DataPhysicalization

Years lost to gun violence

An image from the project

Three Days – 4,000 Years

The statistics on gun violence in this country are heartbreaking. Guns killed 11,419 people in 2013. A loss of over 500,000 years of life. Unfortunately, the rate of gun violence continues unchecked. Three Days – 4,000 Years is an adaptation of the powerful U.S. Gun Deaths visualization the data design firm Periscopic created a few years ago in response to the school shooting in Newtown CT.

The Periscopic visualization has a powerful emotional impact. Translating that impact into a physical representation of the years stolen by guns was the motivation behind this adaptation.

The original visualization show all 11,419 deaths while still allowing each and every individual to be seen.

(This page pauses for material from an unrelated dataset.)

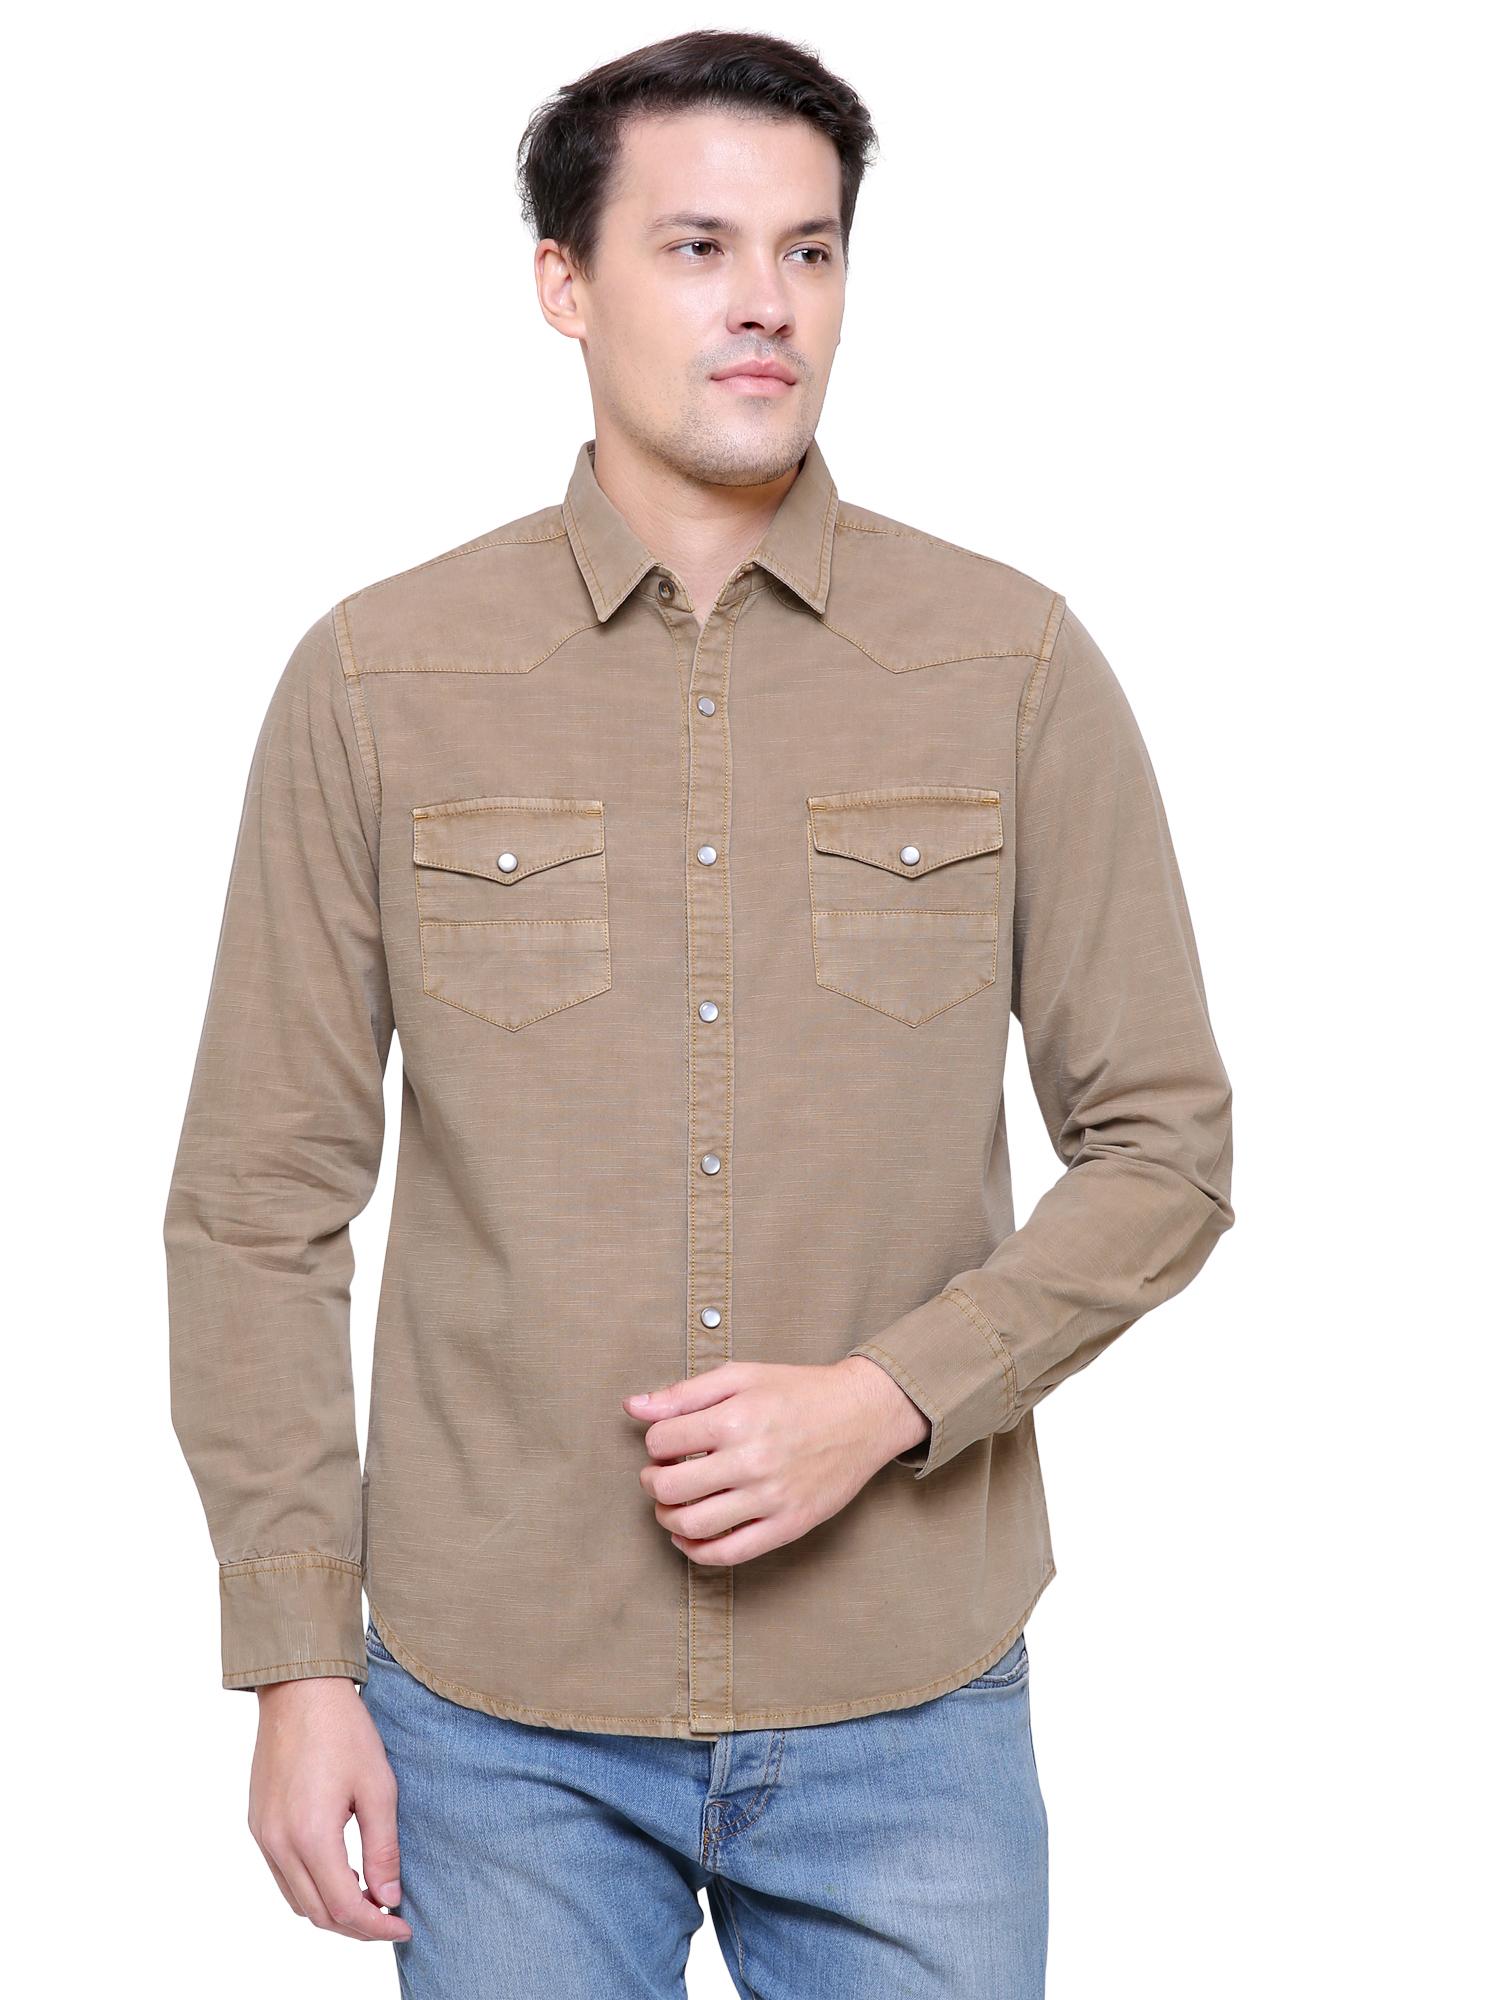 Southbay | Southbay Men's Beige Casual Denim Shirt- SBCLFS985BE

The physicalization based on this data focuses on just a few days instead of a full year. A physical representation of an entire year at this scale would be almost 15 meters (48 ft) long.

physicalization of three days of gun deaths

Interacting with the model is an emotional experience. As you move your fingers along each arc, you are following the actual, then the potential trajectory of a life ended by gun violence.

There are seasonal patterns, and the absolute number varies from day to day, but roughly thirty people are killed by guns EVERY DAY. Therefore about 100 deaths occur every three days adding up to 4,000 years of life lost. Four thousand years every three days.

An online visualization based in these three days of data looks like this:

The physicalization is intended to be viewed from above with the color change marking the point where lives end and stolen years begin. It can also be viewed from below. From below, the surface of the stolen year arcs forms an area chart of stolen years.

physicalization as an area chart of years lost

About the methods
The gun death data is a subset of the data used in the 2013 version of the Periscopic project. The raw data did not contain the alternate ages Periscopic used to calculate stolen years. So, I generated alternate ages using actuarial tables from the Social Security Administration. This approach did not link the alternative age to a cause of death as in the original visualization, but it did give me stolen years estimates that are in rough agreement with those in the original piece.

About the workflow
I used javascript and node.js to process the data and generate a file for OpenSCAD to render into a 3D object.

Thank you to Periscopic for making this data available.